Mathematical physics

Players attack aerodynamics of the World Cup ball

09 Jun 2010 James Dacey
The Adidas Jabulani is the official ball of the FIFA World cup

The engineer who led the testing of the ball for the FIFA World Cup – which gets under way this Friday – is defending the product despite a torrent of criticism from leading footballers. In the British press it is the goalkeepers who seem to be most unhappy, with the England number one, David James, describing the ball as “horrible” and “dreadful”, and his Italian counterpart, Gianluigi Buffon, fearing that its “unpredictability” could ruin the tournament.

The new ball, called the Jabulani, meaning “celebrate” in isiZulu, was unveiled by the sports manufacturing firm Adidas in December of last year. Loughborough University in the UK was the exclusive research partner, where a group of engineers spent four years testing and developing the aerodynamic features of the ball. This included a “kicking robot” positioned in a wind tunnel to see how the ball responded to aerodynamic instabilities. The final design introduces a new texture, trademarked as “Grip ‘n’ Groove”, and a new manufacturing process. When combined these features are supposed to make the ball more round and more predictable in flight.

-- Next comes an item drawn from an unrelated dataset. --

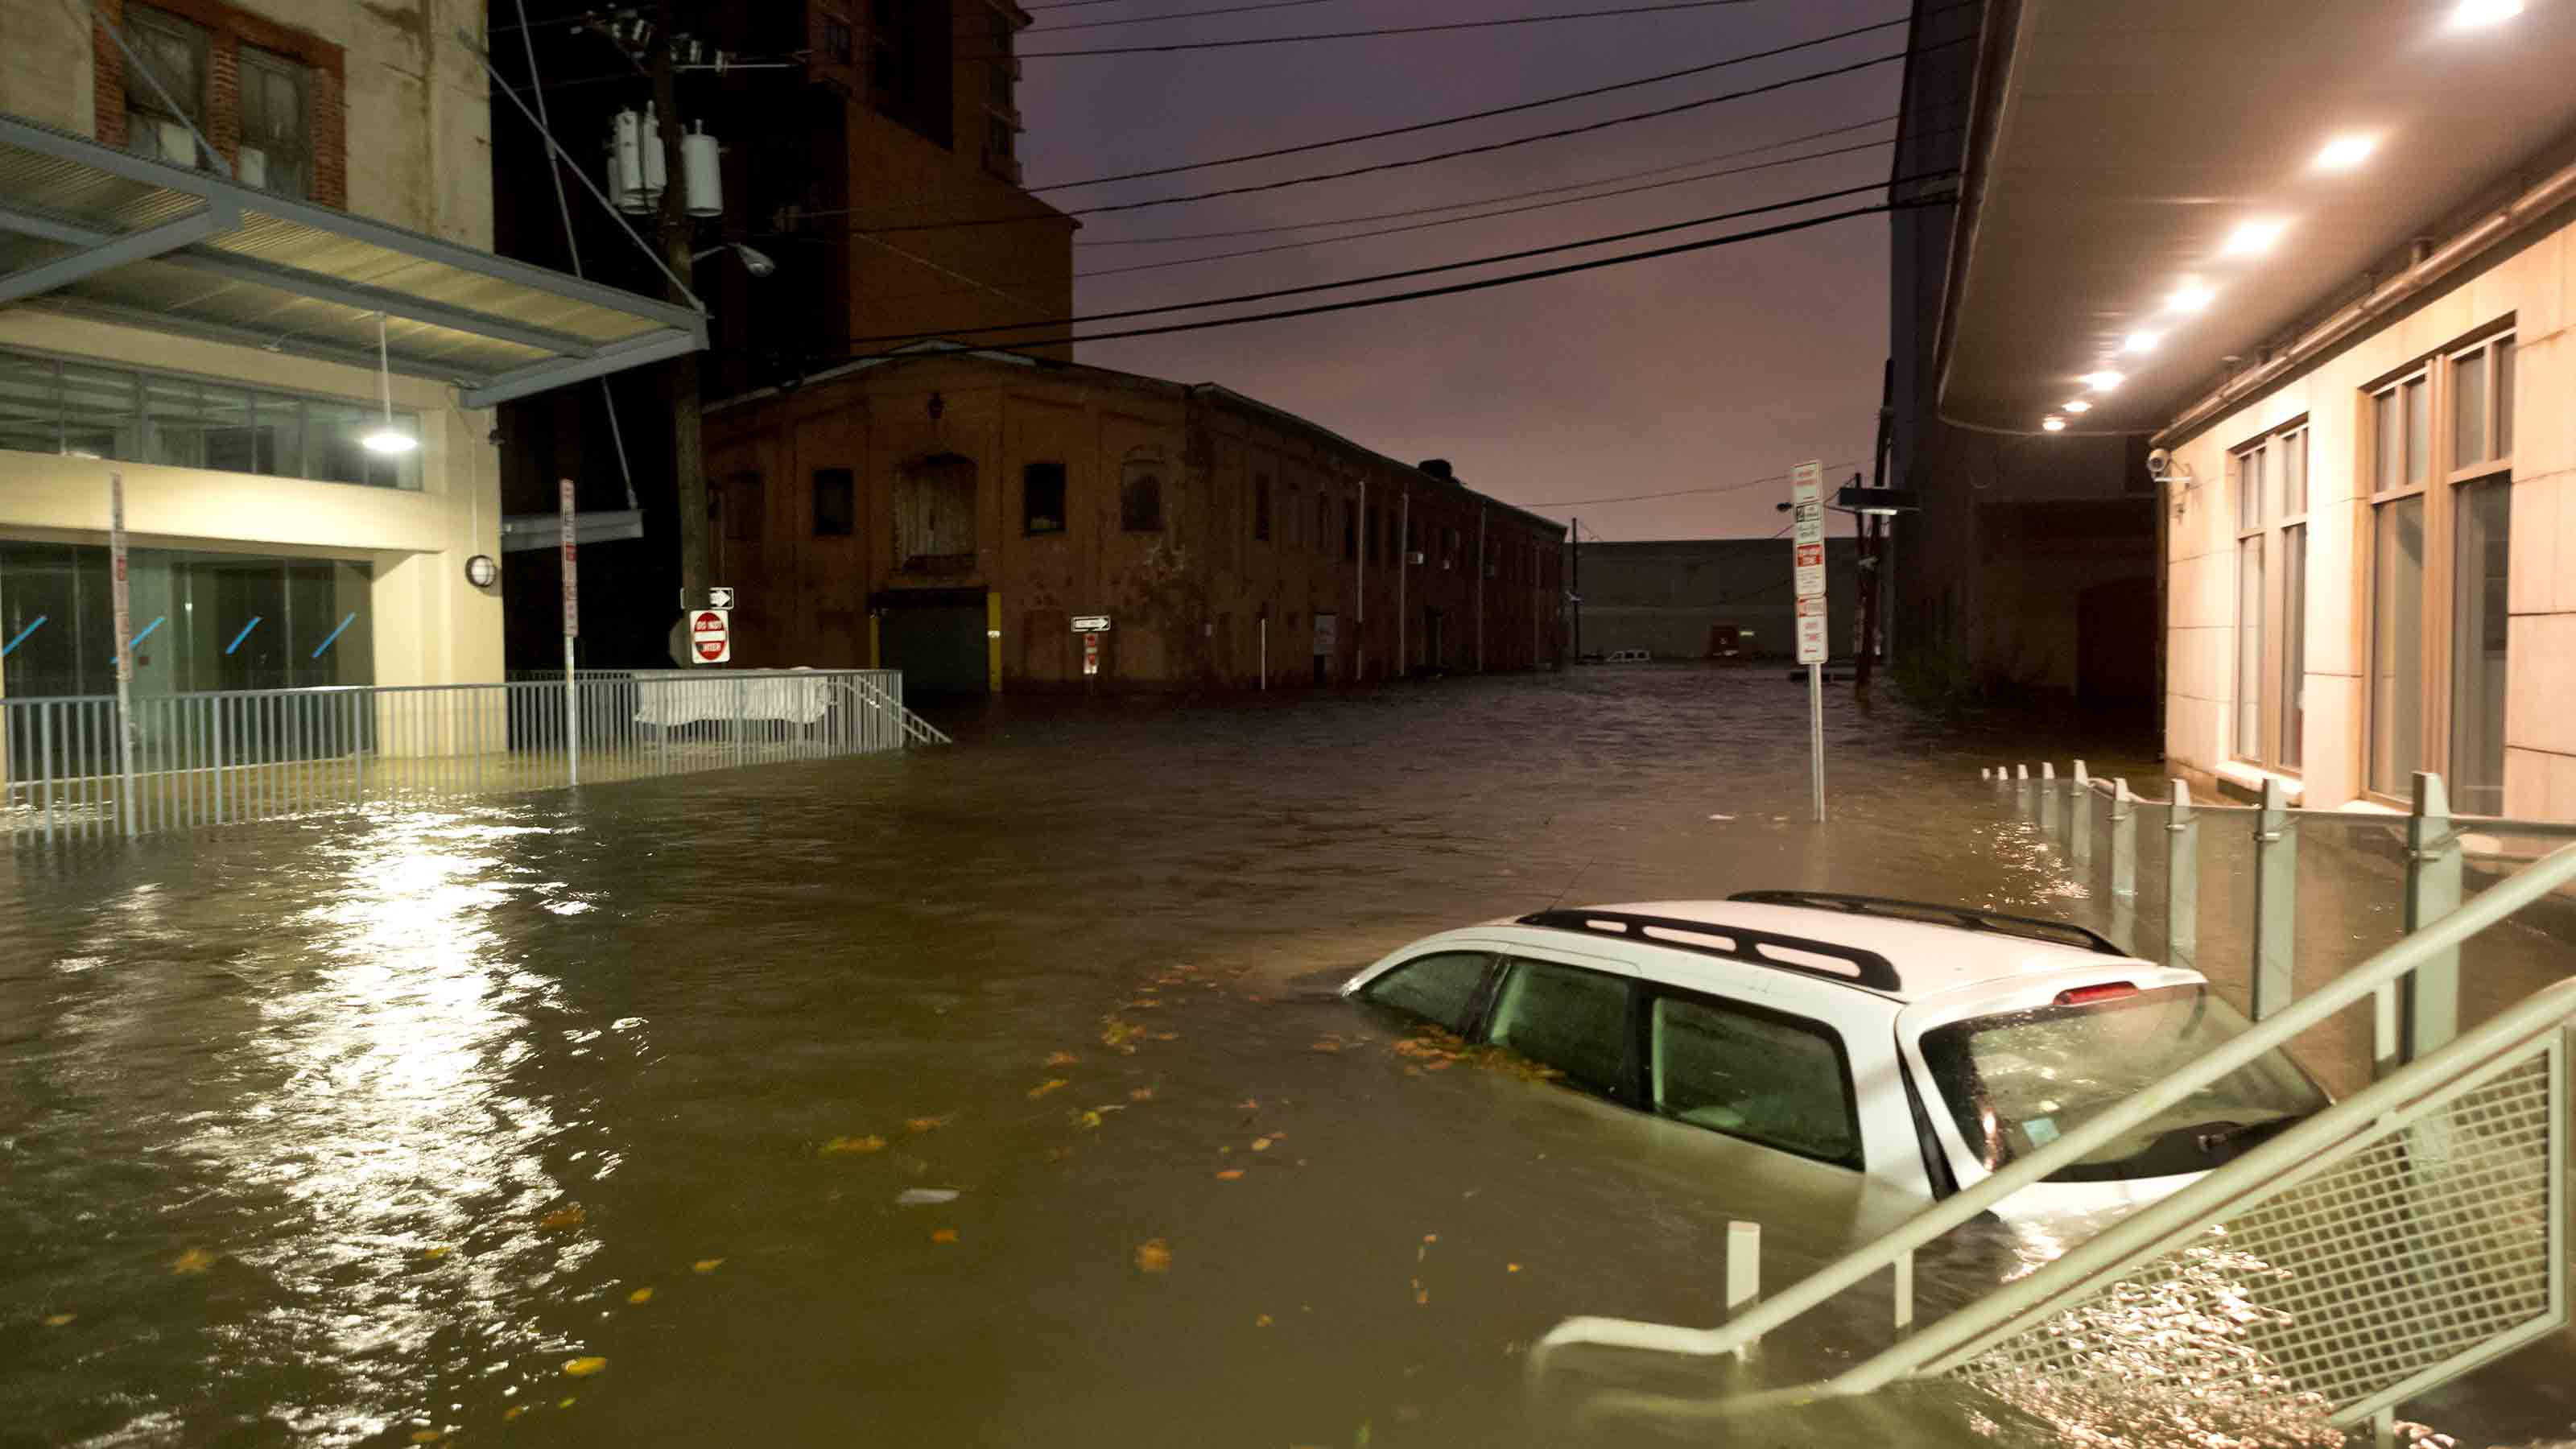 After Storms, Beware of Flooded Cars for Sale | Kiplinger

The flight of a good quality match ball is noticeably faster and more reliable than that of a smooth plastic football that you might buy at a local grocery store. When a smooth ball moves through the atmosphere, the drag is large – being proportional to the surface area of the ball coming into contact with the air. And because the kinematic energy of the ball is converted into heat at such a high rate, the air flows cannot recombine behind the ball. This creates a zone of turbulent eddies in the wake of the ball, which can cause the ball’s motion to become unpredictable.

All-important seams

Higher quality balls are designed to reduce drag by having a surface made from several panels stitched together. These indentations trigger small instabilities at the boundary between the ball’s surface and the air. The result is twofold: the drag is reduced because the airflows no longer oppose the flight of the ball in such a uniform way; and the flight is more reliable because the mixing effects at the ball-air boundary enable airflows to recombine behind the ball, thus avoiding a wake of turbulent eddies.

Ball manufacturers for a World Cup are on a hiding to nothing. Whatever they do they’ll get hammered. Steve Haake, Sheffield Hallam University

The Jabulani ball is touted as offering both of these qualities, being both fast and reliable. It is moulded from panels of ethylene-vinyl acetate, a polymer used in shoes and other athletic materials to absorb physical shock, and thermoplastic polyurethanes, another group of highly elastic plastics. The panels are thermally bonded rather than being stitched together, which enabled the researchers to experiment with a larger range of groove shapes. The final design, according to the researchers, is a ball that travels 5% faster than previous balls while behaving in a smoother, more predictable way.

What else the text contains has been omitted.